I have a question, for anyone that might know the answer.
Would it have made much of a difference if they had saved the last four boilers? Like, if weren’t going full speed when they hit the iceberg, and they had extra boiler capabilities, would they have been able to avoid the iceberg?
Alternatively, if they hadn’t been able to avoid the iceberg, would not going at full speed made any difference to the amount of damage it caused?
…wow, this question is poorly worded.
Well, don’t take that “lighting the last four boilers” bit as literal: it’s the film, not history. There is some evidence the Titanic was going faster that evening that before - passengers reported increasing vibration, and a few commented that she was going faster.

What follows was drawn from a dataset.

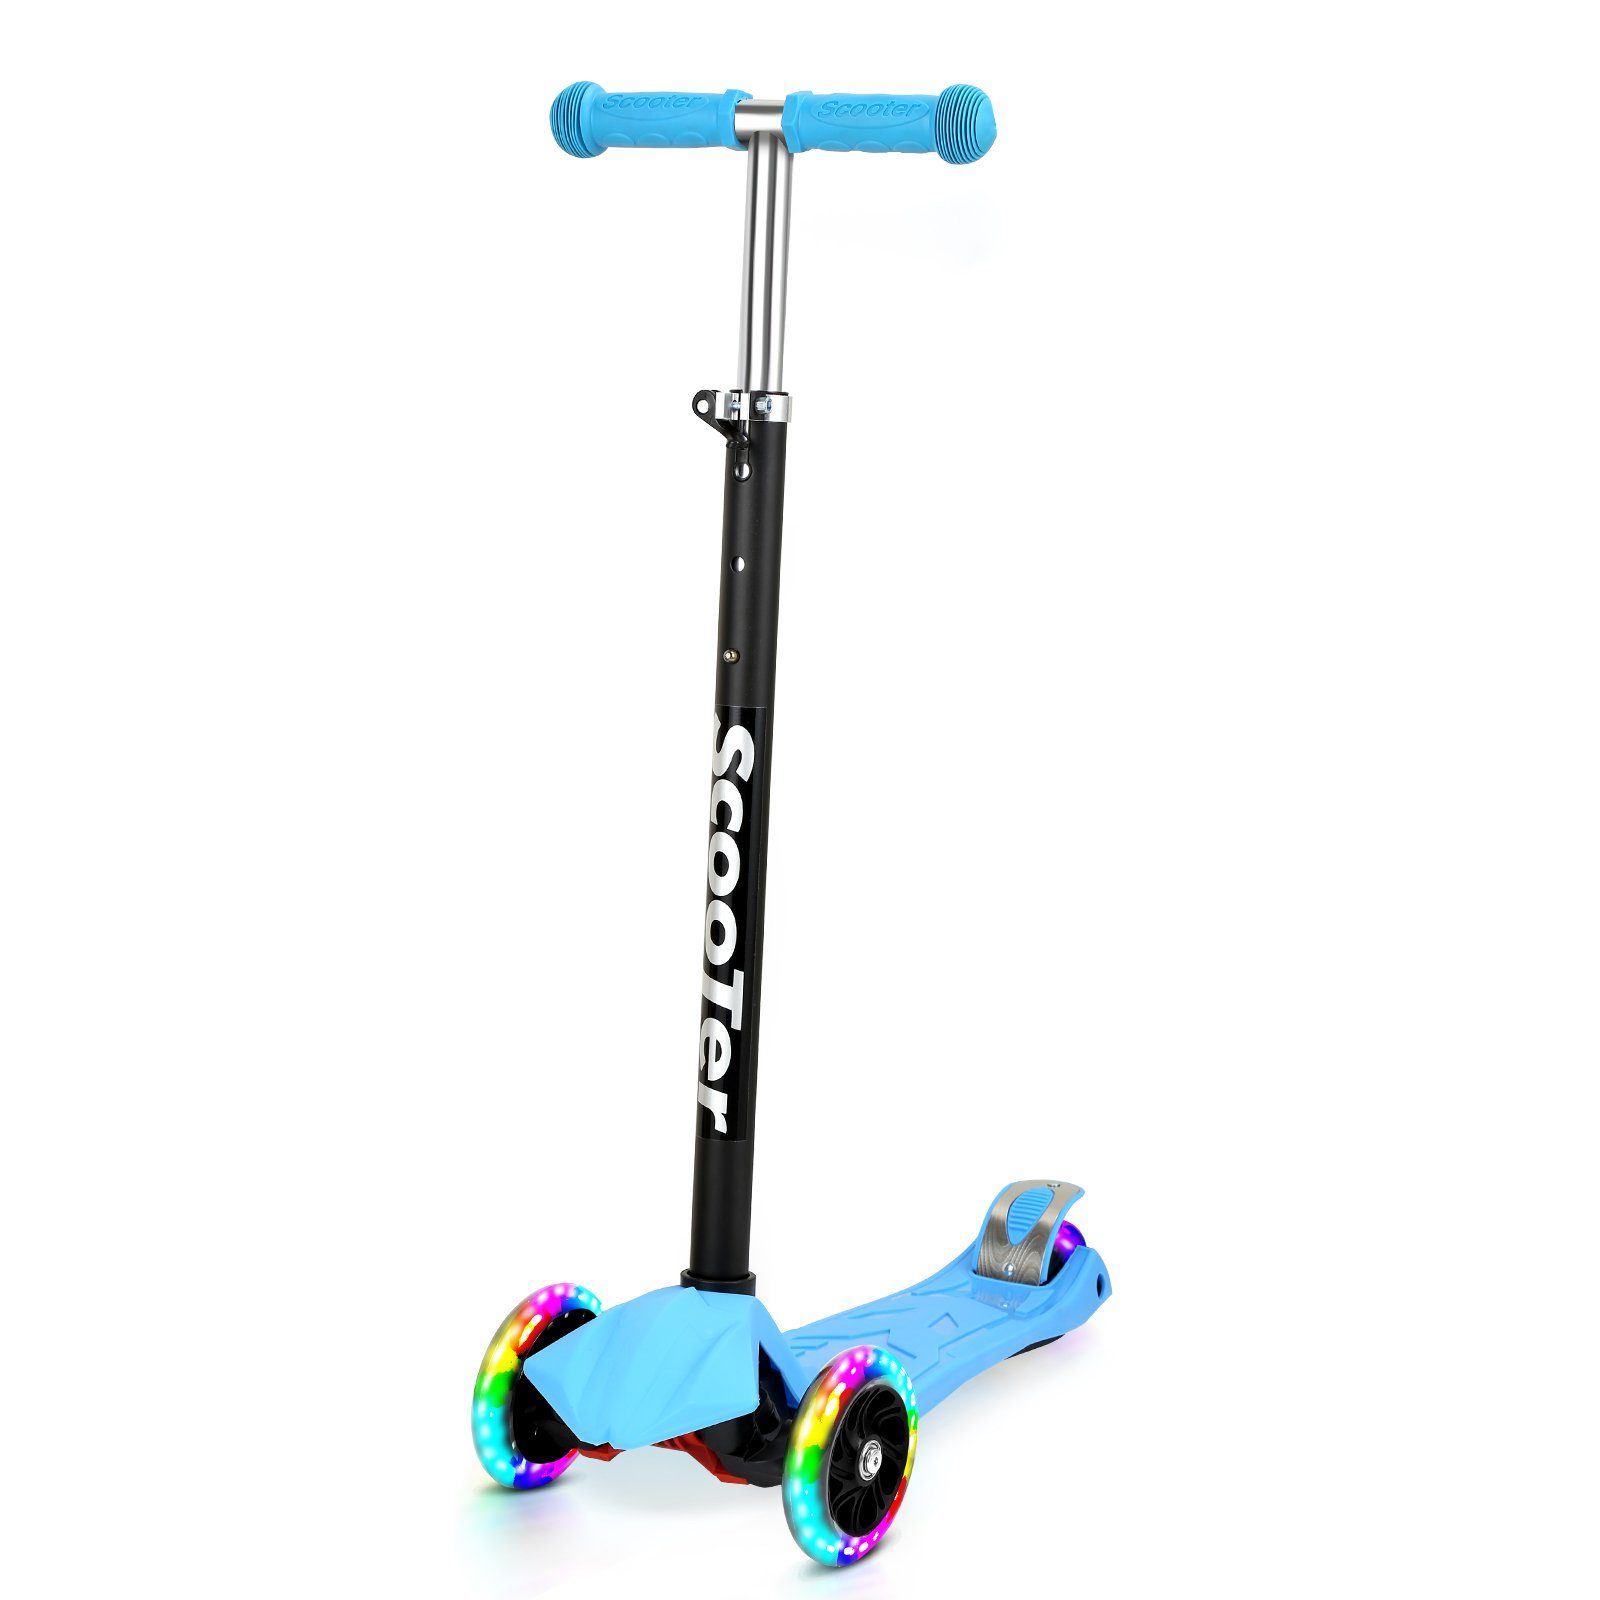 Gimisgu Scooter Kinderroller Tretroller Cityroller LED Räder Höhenverstellbar Blau

10 or 15 seconds either side, faster or slower, might have saved her, or so it has been estimated. Had the berg been sighted earlier, they might have avoided the ice altogether. Had it been later, she might have collided nose on. Now, the latter scenario is no guarantee she’d have stayed afloat…a headon collision had saved the “Arizona”, but the “Titanic” was a bigger, faster ship. There’s a possibility that the collision might have caused such a huge jar that it opened the forward expansion join to the sea, causing similar damage to that which sank her sister ship, Britannic, in WWI when she struck a mine. There’s some other evidence on damage from the “Britannic” that might have affected “Titanic” had she collided head on, but I’m not free to discuss it as it is being used in a doco.
There’s also the question of the crew and steerage quartered in the bow that would have perished had a hundred feet or so crumpled in, as they would have done had she struck nose on. Ultimately it might have saved her, and thus saved more lives, but it’s hard to tell. Murdoch didn’t really have a choice but to try and avoid the berg - Josephn Conrad wrote a piece in 1912 mocking what he called a new school of seamanship that proposed aiming ships at obstacles and ramming square on, and thus making one’s way across the Atlantic.